Change Healthcare has confirmed a February ransomware assault on its techniques, which introduced widespread disruption to the U.S. healthcare system for weeks, resulted within the theft of medical information affecting a “substantial proportion of individuals in America.”
In a press release Thursday, Change Healthcare stated it has begun the method of notifying affected people whose info was stolen through the cyberattack.
The well being tech large, owned by U.S. insurance coverage conglomerate UnitedHealth Group, processes affected person insurance coverage and billing for 1000’s of hospitals, pharmacies and medical practices throughout the U.S. healthcare sector. As such, the corporate has entry to huge quantities of well being info on a few third of all People.
The cyberattack prompted the corporate to close down its techniques, leading to outages and delays to 1000’s of healthcare suppliers who depend on Change, and affecting numerous sufferers who couldn’t receive prescriptions or had medical care or procedures delayed.
Change stated in its newest assertion that it “can not affirm precisely” what information was stolen about every particular person, and that the knowledge could differ from individual to individual.
The affected info contains private info, resembling names and addresses, dates of start, cellphone numbers and e-mail addresses, in addition to authorities identification paperwork, resembling Social Safety numbers, driver’s licenses and passport numbers.
The information additionally contains medical information and well being info, resembling diagnoses, medicines, take a look at outcomes, medicines, imaging, and care and remedy plans, stated Change.
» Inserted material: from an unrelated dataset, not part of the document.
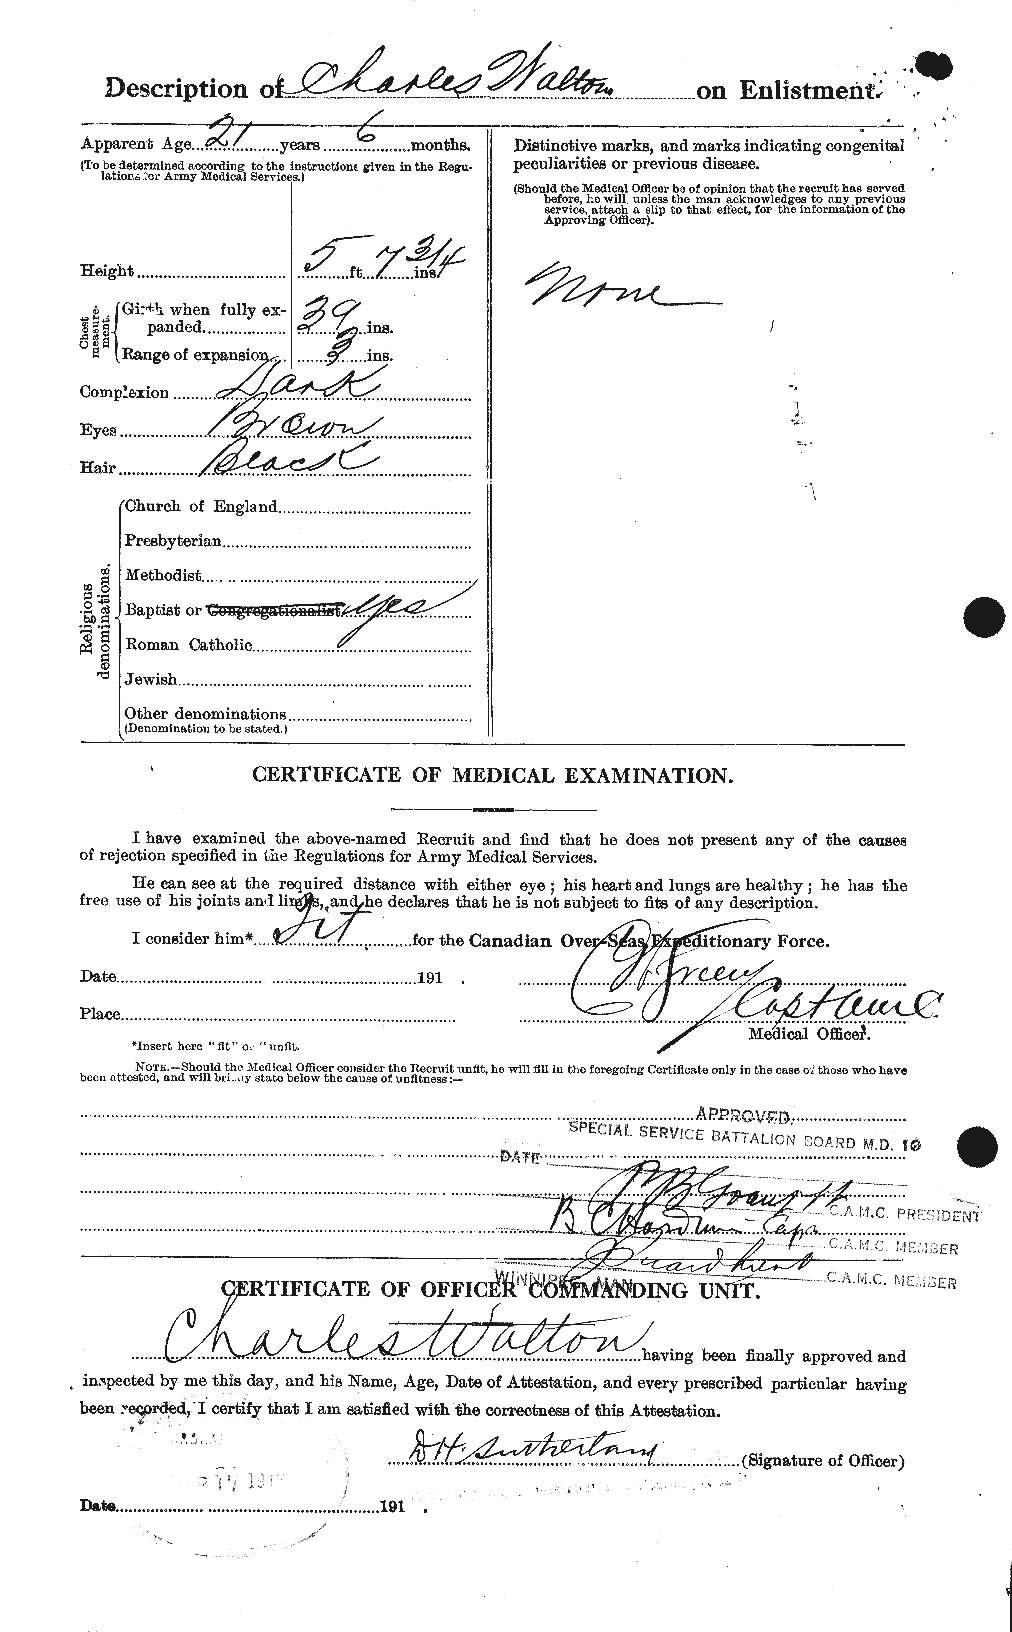 Dossiers du Personnel de la Première Guerre mondiale - CEC 655527b

The hackers stole medical insurance info, together with plan and coverage particulars, in addition to billing, claims and cost info, which Change stated contains monetary and banking info.
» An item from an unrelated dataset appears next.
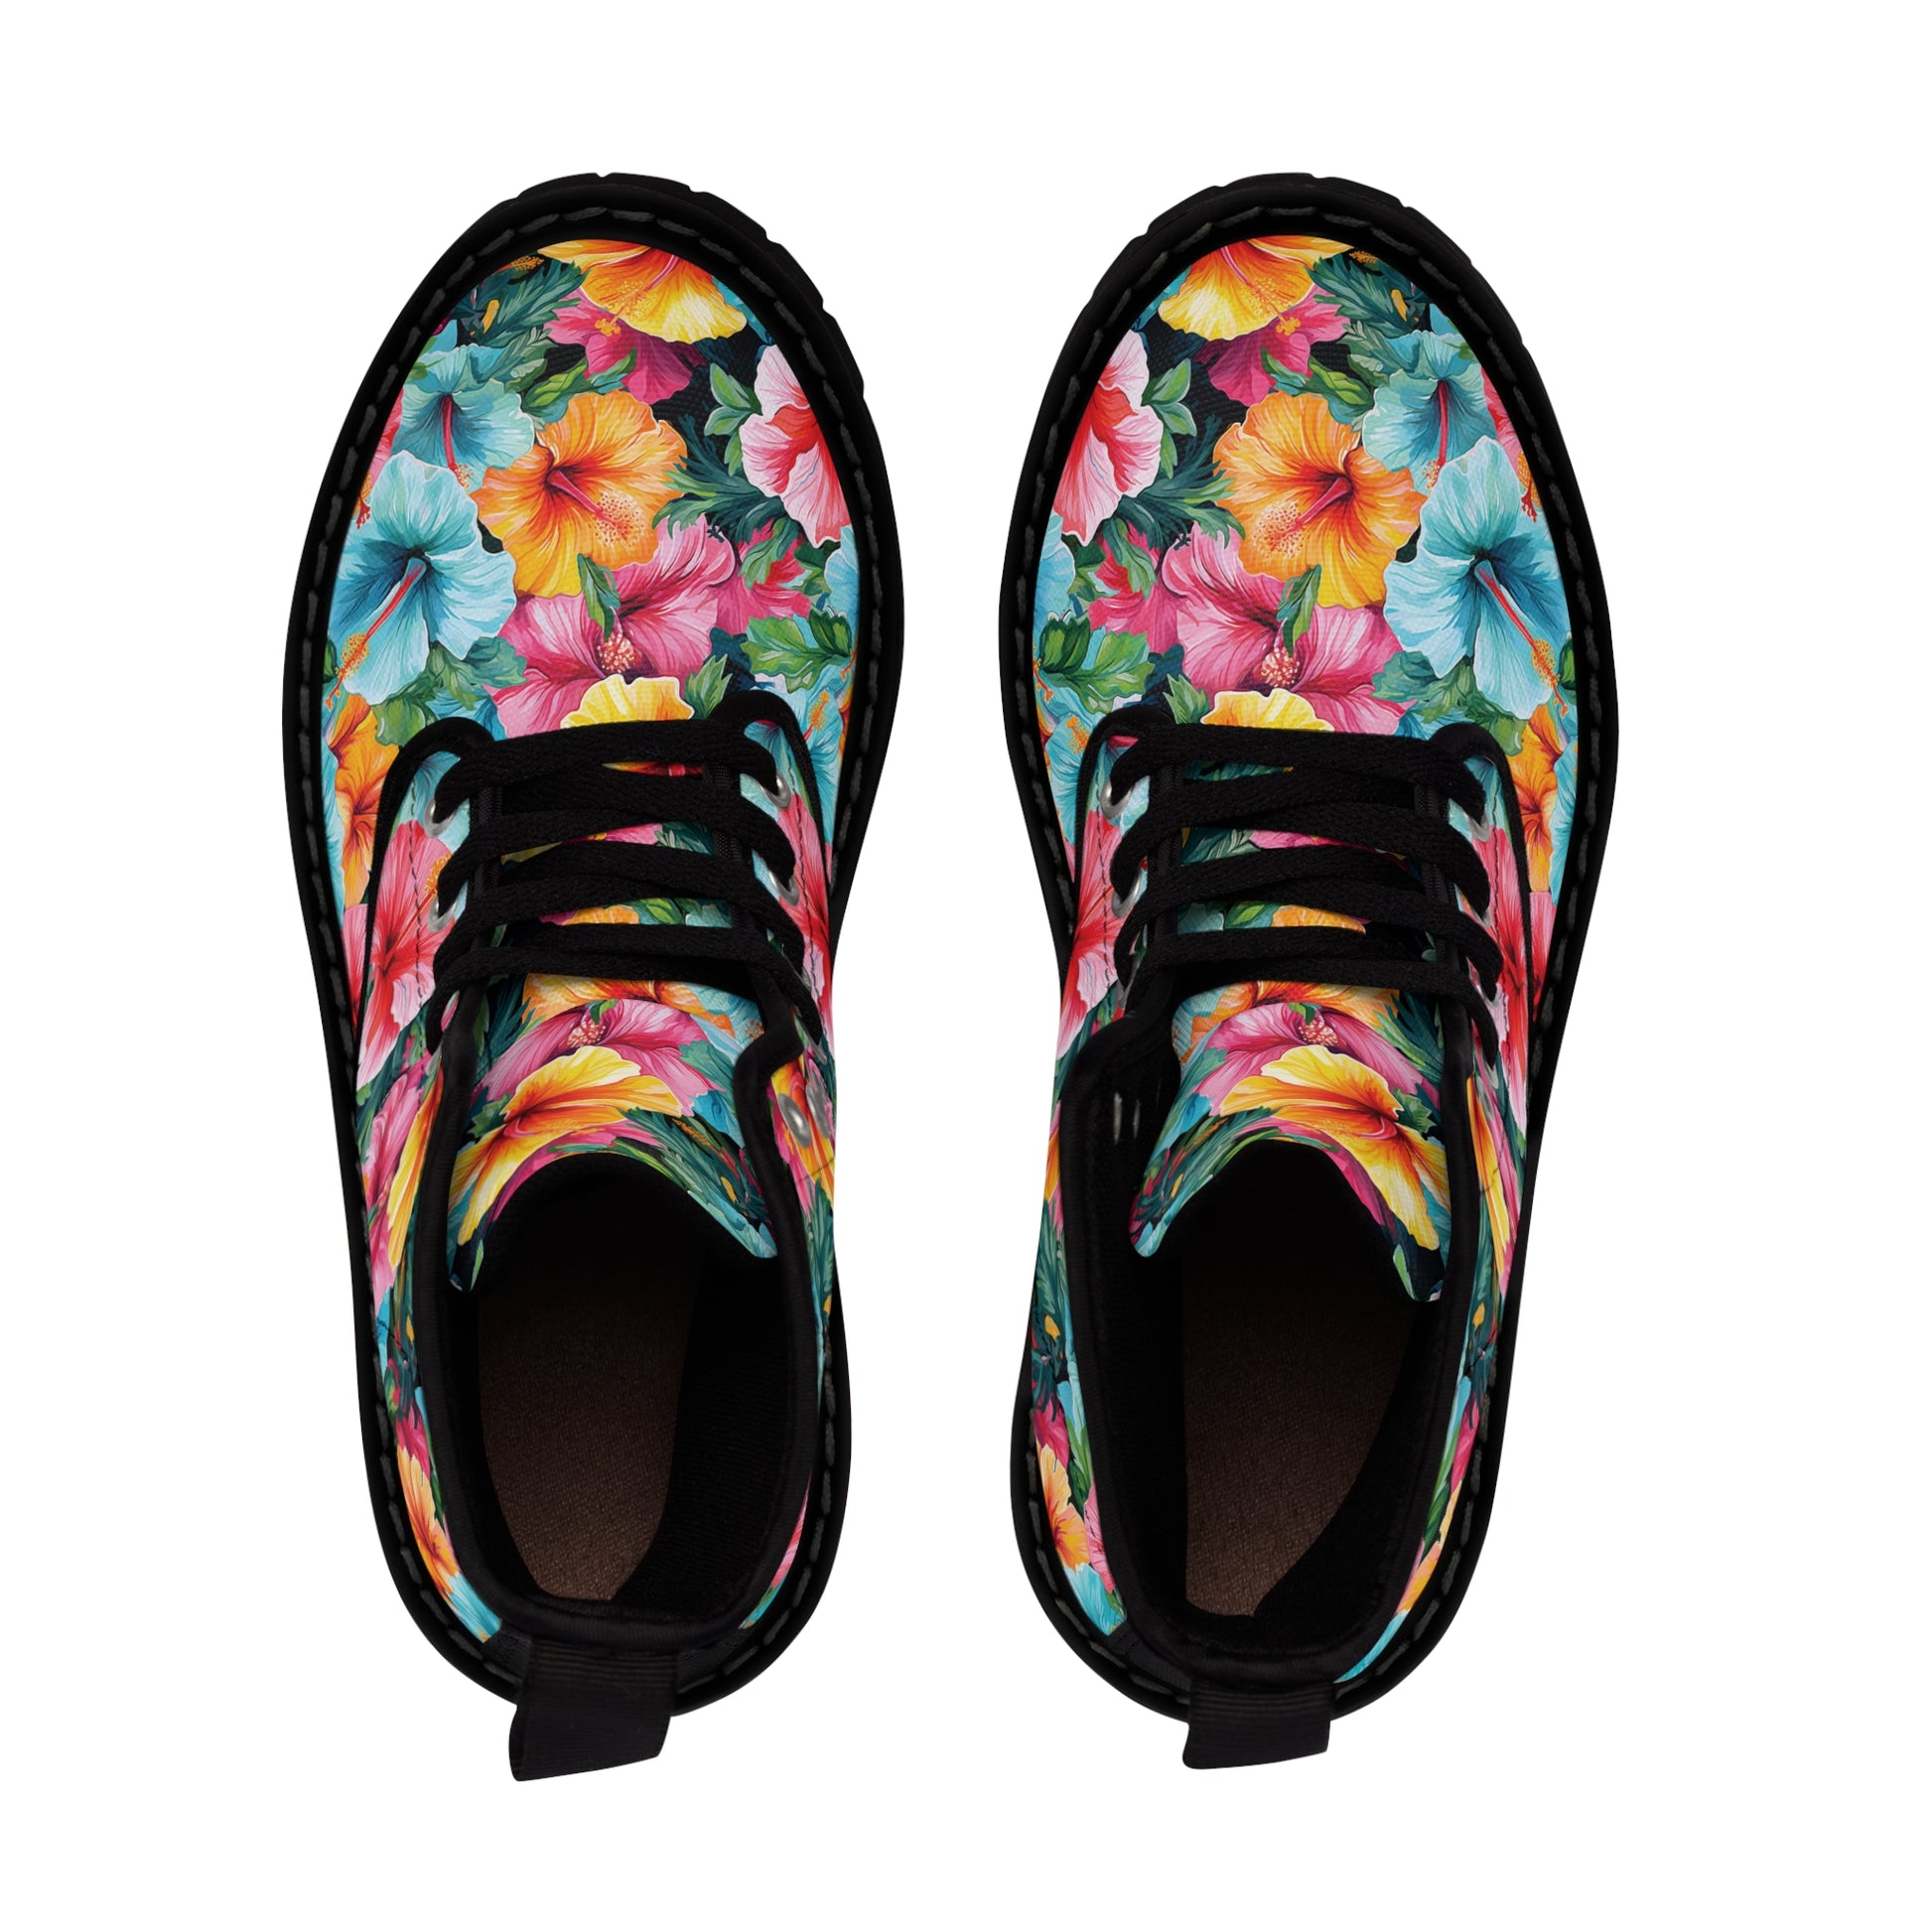 Watercolor Hibiscus (Light #2) Men's Canvas Boots (Black) by Studio Ten Design

Change stated it was nonetheless within the “late levels” of its evaluate of the stolen information to find out what was taken and that extra affected people could also be recognized. A number of the stolen info could relate to guarantors who paid healthcare payments for another person, the corporate stated.
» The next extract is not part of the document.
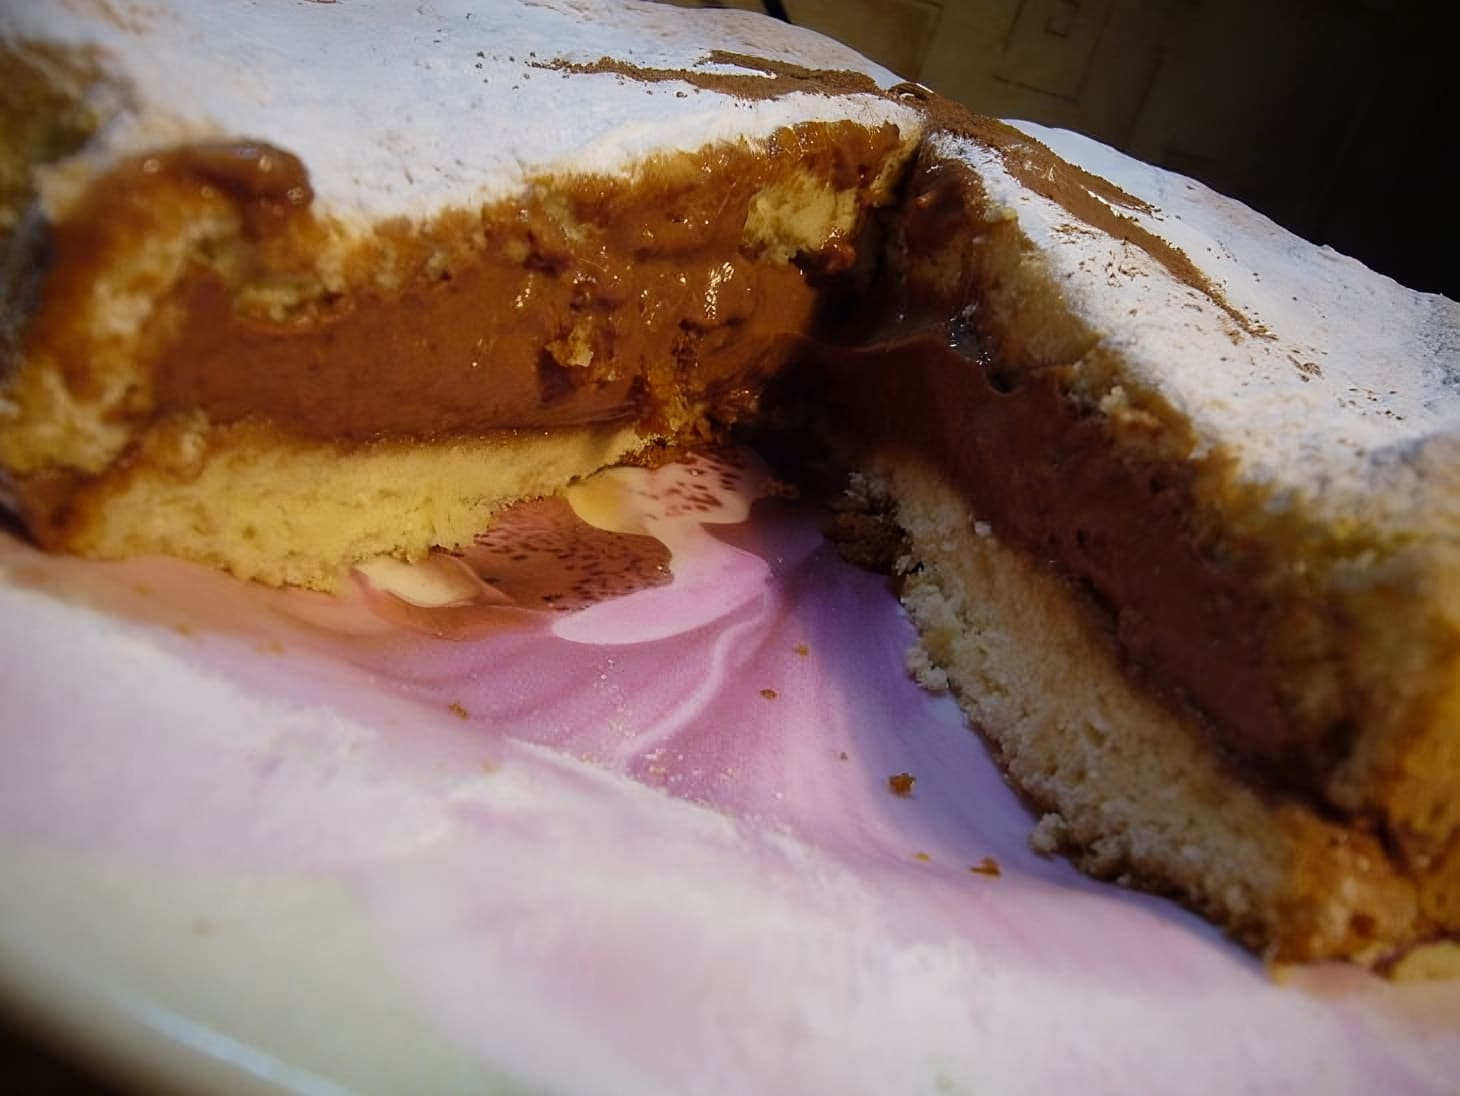 Italian Rigo Janschi cake

The corporate added that affected people ought to obtain discover by mail starting late July.
The ransomware assault on Change Healthcare stands as one of many largest-ever identified digital thefts of U.S. medical information. Whereas the complete affect of this data breach stays unclear, the ramifications for the hundreds of thousands of People whose personal medical info was irretrievably compromised are seemingly incalculable.
Change stated it secured a duplicate of the stolen dataset in March to evaluate for figuring out and notifying affected people, which information.killnetswitch beforehand reported was obtained in change for paying a ransom demand.
UnitedHealth confirmed it paid at the least one ransom demand to the cybercriminal group behind the ransomware assault, referred to as ALPHV, in an effort to forestall the publication of the stolen recordsdata. One other hacking group known as RansomHub demanded a further cost from UnitedHealth after claiming ALPHV made off with the primary ransom cost however left the stolen information with one in every of its associates — basically a contractor — who broke in and deployed the ransomware on Change’s techniques.
RansomHub subsequently printed a number of recordsdata on its darkish internet leak website and threatened to promote the information to the very best bidder if one other ransom wasn’t paid.
Based on UnitedHealth chief government Andrew Witty, the hackers broke into Change Healthcare’s community utilizing a set of stolen credentials to an inner system that was not protected with multi-factor authentication, a security characteristic that makes it harder for malicious hackers to misuse stolen passwords.
The ransomware assault value UnitedHealth round $870 million within the first three months of the 12 months, throughout which the corporate made $100 billion in income, in response to the corporate’s earnings report. UnitedHealth is anticipated to report its most up-to-date earnings in mid-July.